I see the board and component positions but do not see the schematic.
It appears that the pot is OK but it will be necessary to detgermine the effect of the pot in the circuit and if there is a critical threshold.

 

[Lawrenciumbc]

ok yes, interpreting what it is supposed to do to the circuit electrically makes sense.

Sorry, the schematic link I posted is for the vero board layout, though a version of the schematic from a different site is here:



located from HERE (bigger image)

 

[Lawrenciumbc]

I have just uploaded a demo video of the pedal's performance for additional info located HERE

 

[BobK]

Did you notice the note that says "linear taper potentiometers?"

Bob

 

[Lawrenciumbc]

Good spot!
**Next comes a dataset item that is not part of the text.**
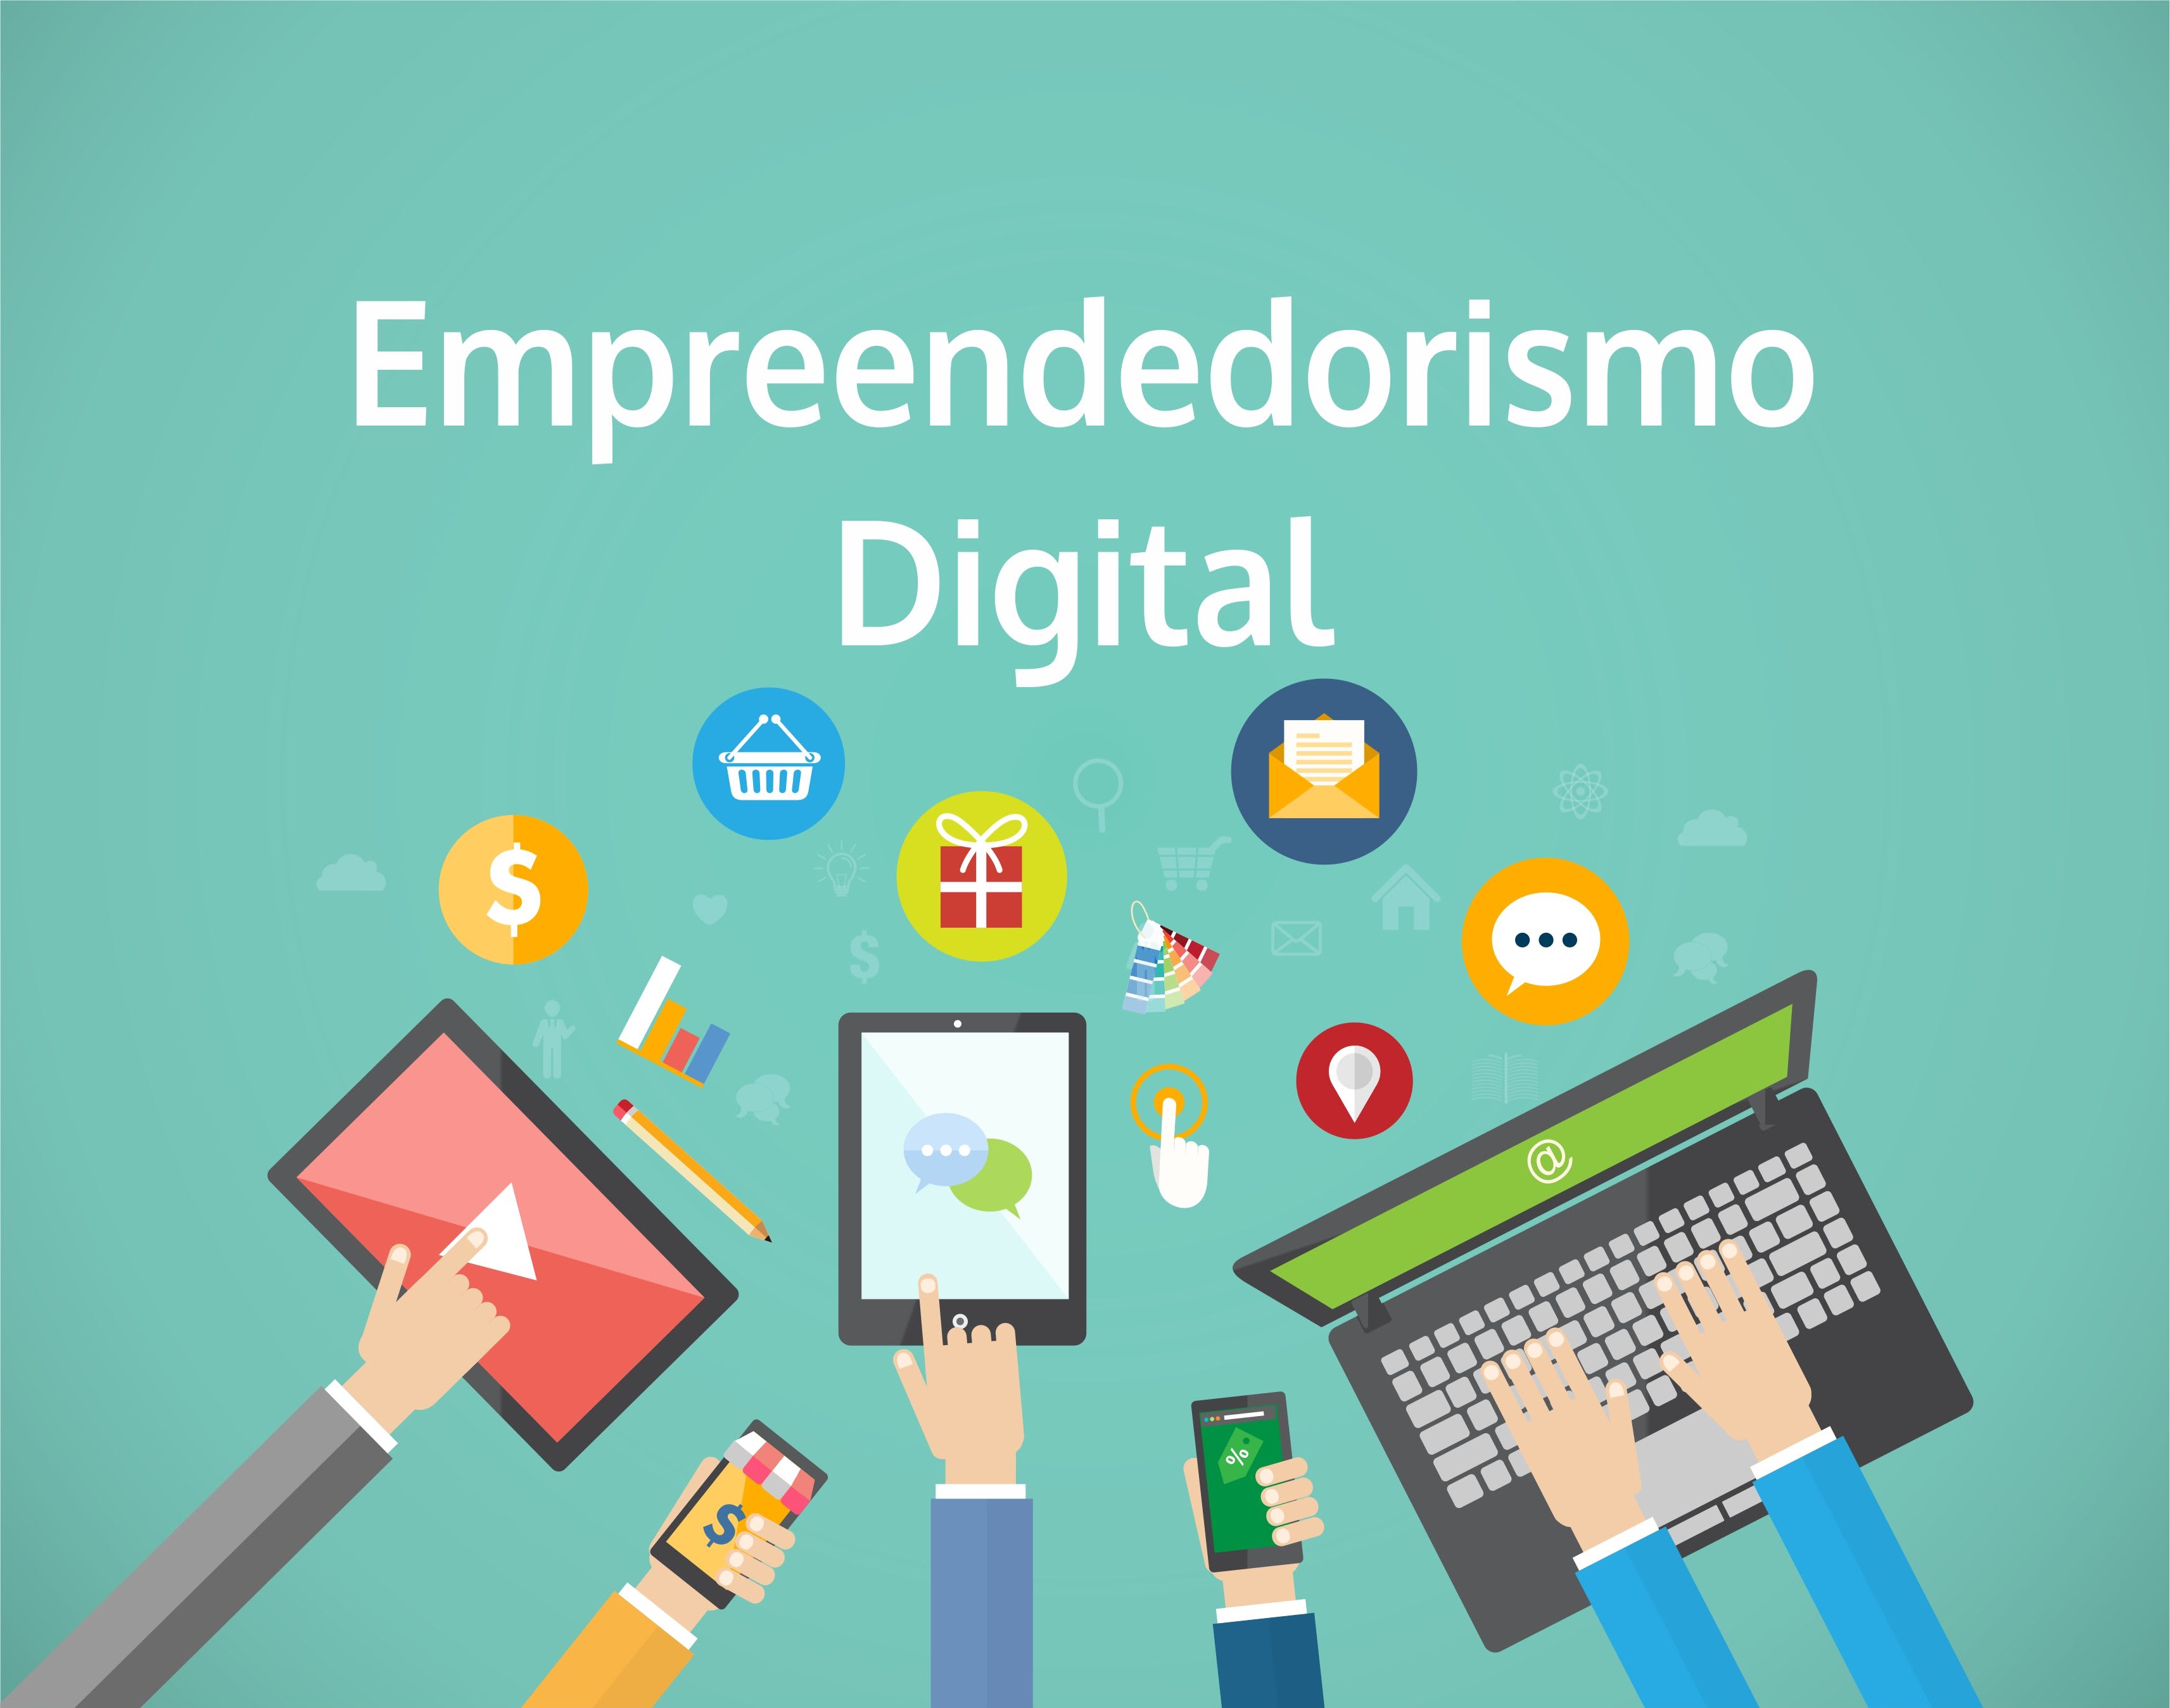 Edmundo Empreendedor Digital

I didn't notice that. The components I have used came in a kit based on the layout on the tag board effects link and aside from checking they worked, I didn't question the potentiometer type.

The schematic is actually from a different site as tag board effects didn't have one but its the same pedal. looking at the kit contents on the site I bought the kit from, it lists them as log pots so I don't think it was a packing error. The pots I have are 'A100K'.

I will get hold of some linear taper pots to replace them with and see how that affects the sound if you think that this could possibly hold the key. Theoretically then, 50% of the sustain pot should 'work' instead of the final 10% as it currently stands.

In addition, I have found this page (on the same site as the schematic) which appears to comprehensively go through the general circuit and so might provide more insight: http://www.kitrae.net/music/big_muff_guts.html

On this page, it also mentions the pots:

"REPLACEMENT POTS - Vintage USA Big Muffs (V1, V2, V3) have single-gang, linear taper, 24mm,100k potentiomers. Electro-Harmonix used pots from various makers, but they were usually the 24mm size, with 1/4" D shaped knob shafts. 250k linear can be substituted for the volume and sustain pots if 100k are not available. 100k Logarithmic taper pots, or "audio" pots, will also work, but they are more expensive than linear, and the useful volume range gets squeezed into a smaller area of the knob rotation. The difference between linear and logarithmic/audio pot types is that linear increases (electrical resistance) evenly as you turn the knob, whereas log has a shorter increase at both ends of the knob rotation, but a longer, increase in the middle. That that wider spectrum in the middle means a more usable range to allow better fine tuning with a log pot, in a tone knob for example, but not the best for a Big Muff volume pot. Both types sound the same, but the knobs will be in different positions for the same volume, tone, or gain level.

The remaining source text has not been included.